Exercise requirements:
Look through the records below for the line with "Alessio Riva Architect" and the line with "lass test tubes for scientific experiments", then return those lines and all lines between, exactly.

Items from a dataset
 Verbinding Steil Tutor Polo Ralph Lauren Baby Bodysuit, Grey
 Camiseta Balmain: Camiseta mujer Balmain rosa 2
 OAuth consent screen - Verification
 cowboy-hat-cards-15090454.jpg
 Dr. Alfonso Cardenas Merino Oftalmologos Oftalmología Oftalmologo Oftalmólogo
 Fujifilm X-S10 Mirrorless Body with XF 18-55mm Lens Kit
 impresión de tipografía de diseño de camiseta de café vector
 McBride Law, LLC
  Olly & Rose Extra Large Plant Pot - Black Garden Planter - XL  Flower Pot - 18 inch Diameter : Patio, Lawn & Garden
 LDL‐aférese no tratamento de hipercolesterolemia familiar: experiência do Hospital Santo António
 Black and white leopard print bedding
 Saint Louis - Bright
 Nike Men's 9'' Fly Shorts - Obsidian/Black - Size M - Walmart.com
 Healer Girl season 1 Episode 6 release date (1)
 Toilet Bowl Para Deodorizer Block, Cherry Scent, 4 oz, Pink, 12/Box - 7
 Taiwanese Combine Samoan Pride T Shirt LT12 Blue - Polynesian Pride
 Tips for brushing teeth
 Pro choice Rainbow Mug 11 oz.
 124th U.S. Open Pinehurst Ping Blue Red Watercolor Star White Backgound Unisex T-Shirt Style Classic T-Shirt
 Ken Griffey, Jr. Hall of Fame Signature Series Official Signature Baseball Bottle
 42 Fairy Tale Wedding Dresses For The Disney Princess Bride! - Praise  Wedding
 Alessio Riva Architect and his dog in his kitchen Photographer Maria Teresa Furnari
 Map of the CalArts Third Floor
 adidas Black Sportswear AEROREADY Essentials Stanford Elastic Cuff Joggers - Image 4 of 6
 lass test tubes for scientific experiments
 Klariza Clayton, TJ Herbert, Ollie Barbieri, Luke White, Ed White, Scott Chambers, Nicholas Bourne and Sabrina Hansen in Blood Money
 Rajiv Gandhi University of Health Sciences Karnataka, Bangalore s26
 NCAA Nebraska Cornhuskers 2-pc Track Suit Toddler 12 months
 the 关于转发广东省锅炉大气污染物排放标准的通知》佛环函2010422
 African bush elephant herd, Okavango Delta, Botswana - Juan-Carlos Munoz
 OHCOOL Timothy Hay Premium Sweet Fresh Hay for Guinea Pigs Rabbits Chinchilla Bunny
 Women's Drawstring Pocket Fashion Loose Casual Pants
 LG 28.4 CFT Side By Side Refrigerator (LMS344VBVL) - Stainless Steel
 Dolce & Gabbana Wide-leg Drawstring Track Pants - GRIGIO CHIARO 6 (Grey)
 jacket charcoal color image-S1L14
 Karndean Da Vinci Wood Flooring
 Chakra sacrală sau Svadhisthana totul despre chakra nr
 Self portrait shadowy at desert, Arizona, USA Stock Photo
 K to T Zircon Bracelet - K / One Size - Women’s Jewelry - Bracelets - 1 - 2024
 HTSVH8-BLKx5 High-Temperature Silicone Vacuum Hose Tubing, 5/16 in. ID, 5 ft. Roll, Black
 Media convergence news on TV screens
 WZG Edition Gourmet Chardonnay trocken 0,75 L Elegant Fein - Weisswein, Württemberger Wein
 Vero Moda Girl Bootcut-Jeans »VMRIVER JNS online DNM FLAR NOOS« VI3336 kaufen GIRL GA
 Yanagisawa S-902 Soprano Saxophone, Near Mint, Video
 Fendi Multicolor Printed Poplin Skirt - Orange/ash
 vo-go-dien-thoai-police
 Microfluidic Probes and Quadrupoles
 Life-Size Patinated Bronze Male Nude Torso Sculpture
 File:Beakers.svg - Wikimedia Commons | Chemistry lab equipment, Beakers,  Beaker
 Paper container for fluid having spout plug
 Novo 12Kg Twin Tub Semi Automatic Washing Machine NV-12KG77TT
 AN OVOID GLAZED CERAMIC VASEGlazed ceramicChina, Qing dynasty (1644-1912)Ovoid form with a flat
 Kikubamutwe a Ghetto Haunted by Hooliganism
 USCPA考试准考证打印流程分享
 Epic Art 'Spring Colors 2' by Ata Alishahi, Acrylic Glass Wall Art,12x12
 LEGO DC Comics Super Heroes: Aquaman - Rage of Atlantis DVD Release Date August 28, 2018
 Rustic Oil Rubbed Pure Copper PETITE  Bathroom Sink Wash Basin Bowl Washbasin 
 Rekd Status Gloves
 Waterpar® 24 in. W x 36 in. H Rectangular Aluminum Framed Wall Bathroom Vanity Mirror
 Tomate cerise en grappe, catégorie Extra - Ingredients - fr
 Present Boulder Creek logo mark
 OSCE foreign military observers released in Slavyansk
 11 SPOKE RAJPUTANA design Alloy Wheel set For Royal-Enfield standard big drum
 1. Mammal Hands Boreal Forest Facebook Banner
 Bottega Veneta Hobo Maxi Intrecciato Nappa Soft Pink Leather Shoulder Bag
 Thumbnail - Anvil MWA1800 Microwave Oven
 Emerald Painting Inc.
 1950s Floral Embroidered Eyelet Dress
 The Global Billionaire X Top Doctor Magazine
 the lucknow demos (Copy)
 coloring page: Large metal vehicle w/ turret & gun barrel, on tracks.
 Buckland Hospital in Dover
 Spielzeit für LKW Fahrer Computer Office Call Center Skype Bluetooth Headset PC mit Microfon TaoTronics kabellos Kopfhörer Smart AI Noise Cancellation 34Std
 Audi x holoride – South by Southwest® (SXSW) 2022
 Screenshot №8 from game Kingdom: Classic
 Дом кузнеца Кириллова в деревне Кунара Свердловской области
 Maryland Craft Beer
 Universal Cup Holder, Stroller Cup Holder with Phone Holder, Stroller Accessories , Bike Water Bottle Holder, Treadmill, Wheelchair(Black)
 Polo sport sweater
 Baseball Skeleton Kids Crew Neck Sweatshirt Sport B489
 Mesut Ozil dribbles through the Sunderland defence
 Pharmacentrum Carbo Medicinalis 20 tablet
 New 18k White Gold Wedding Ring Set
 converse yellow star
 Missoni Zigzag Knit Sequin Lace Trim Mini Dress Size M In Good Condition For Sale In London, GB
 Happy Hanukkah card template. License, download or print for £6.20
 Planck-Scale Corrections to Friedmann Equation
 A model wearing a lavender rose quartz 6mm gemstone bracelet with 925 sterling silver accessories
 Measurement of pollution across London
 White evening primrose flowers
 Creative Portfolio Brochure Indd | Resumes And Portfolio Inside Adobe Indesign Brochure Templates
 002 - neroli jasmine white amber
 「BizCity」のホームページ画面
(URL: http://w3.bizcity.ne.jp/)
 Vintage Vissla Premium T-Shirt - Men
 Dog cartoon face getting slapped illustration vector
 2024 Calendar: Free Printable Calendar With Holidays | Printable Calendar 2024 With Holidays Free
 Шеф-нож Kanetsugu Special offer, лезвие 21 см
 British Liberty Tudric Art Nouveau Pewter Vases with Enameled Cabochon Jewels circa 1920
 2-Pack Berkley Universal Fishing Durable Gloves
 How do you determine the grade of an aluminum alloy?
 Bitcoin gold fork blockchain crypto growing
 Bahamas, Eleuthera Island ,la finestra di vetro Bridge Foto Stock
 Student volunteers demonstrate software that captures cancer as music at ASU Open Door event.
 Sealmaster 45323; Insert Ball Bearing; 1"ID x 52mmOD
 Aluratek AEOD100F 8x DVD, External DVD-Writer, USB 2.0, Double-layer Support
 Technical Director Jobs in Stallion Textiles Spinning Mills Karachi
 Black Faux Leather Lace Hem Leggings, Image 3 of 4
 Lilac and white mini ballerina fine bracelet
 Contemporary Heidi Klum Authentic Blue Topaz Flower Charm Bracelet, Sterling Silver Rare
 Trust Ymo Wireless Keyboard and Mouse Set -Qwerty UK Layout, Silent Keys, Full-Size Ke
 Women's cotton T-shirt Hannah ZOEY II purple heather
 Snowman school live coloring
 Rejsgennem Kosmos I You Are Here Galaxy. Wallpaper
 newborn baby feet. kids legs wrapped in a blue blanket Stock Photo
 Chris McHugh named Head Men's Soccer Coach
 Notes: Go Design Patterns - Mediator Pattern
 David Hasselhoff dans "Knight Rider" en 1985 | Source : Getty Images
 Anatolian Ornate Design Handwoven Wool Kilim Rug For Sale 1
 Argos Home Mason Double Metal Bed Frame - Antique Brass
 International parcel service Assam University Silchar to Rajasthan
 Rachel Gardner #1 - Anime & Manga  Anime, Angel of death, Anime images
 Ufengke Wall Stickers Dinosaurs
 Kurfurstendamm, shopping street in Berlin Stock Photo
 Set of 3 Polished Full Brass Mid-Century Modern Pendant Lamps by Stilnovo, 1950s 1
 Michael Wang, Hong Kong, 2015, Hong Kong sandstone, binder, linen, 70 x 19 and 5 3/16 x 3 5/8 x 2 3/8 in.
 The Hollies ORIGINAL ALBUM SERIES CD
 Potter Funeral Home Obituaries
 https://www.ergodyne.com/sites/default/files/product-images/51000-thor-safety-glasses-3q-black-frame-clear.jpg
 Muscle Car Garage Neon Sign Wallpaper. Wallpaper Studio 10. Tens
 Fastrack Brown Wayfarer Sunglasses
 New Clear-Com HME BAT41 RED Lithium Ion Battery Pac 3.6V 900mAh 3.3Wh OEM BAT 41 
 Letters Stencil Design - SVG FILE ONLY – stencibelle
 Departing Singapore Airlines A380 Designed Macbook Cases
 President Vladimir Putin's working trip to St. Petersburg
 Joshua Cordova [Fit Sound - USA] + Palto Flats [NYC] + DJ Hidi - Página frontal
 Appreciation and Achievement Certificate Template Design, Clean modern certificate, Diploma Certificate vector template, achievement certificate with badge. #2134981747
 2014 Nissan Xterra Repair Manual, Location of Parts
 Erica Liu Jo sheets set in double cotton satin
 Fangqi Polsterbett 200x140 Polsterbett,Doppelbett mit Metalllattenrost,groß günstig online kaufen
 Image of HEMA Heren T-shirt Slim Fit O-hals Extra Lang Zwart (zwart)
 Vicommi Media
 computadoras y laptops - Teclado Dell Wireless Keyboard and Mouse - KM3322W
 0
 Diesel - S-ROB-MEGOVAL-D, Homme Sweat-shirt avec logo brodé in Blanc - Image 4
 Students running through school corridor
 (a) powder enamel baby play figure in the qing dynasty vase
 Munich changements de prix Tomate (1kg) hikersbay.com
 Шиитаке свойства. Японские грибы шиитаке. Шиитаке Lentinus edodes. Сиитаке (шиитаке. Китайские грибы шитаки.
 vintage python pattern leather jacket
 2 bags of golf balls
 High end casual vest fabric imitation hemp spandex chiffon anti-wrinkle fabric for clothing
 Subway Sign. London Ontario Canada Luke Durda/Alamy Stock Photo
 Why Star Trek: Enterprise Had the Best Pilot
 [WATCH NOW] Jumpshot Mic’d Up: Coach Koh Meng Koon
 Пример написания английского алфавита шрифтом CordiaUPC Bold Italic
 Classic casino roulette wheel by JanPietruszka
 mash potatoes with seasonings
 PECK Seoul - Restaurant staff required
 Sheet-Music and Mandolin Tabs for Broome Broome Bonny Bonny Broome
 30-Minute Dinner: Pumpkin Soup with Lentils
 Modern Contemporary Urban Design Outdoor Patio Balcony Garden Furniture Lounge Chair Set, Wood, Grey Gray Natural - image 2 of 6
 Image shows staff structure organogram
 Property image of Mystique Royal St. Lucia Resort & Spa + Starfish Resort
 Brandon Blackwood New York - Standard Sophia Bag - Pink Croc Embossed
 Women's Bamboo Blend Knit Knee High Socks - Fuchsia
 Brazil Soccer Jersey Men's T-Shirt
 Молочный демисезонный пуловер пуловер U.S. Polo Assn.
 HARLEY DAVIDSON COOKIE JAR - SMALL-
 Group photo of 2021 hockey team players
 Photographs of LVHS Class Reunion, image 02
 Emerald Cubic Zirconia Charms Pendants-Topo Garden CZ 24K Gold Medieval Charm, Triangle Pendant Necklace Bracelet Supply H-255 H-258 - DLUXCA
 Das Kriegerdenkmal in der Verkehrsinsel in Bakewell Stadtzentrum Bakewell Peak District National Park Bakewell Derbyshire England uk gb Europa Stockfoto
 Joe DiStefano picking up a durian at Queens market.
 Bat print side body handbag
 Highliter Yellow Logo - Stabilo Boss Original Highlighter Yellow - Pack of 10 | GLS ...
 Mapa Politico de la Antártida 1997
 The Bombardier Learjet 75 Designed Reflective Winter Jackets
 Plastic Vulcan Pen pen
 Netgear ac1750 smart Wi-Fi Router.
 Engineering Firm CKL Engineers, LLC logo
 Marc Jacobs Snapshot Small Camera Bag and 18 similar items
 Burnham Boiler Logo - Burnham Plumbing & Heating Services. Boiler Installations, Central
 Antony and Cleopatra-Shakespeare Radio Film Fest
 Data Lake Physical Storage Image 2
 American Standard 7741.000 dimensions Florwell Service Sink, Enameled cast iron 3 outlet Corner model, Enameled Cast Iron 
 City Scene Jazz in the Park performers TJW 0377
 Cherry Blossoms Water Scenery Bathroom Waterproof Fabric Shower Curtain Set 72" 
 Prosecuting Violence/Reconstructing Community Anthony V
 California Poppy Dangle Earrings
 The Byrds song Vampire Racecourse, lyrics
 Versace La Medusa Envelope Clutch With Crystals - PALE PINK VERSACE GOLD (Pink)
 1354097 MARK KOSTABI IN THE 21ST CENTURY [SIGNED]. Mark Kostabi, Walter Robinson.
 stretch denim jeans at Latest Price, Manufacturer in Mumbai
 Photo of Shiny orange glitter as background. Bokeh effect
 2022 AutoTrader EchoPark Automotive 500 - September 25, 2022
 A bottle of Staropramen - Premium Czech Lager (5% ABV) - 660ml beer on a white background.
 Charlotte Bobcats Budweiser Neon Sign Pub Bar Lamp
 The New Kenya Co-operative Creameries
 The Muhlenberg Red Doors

Output below:
 Alessio Riva Architect and his dog in his kitchen Photographer Maria Teresa Furnari
 Map of the CalArts Third Floor
 adidas Black Sportswear AEROREADY Essentials Stanford Elastic Cuff Joggers - Image 4 of 6
 lass test tubes for scientific experiments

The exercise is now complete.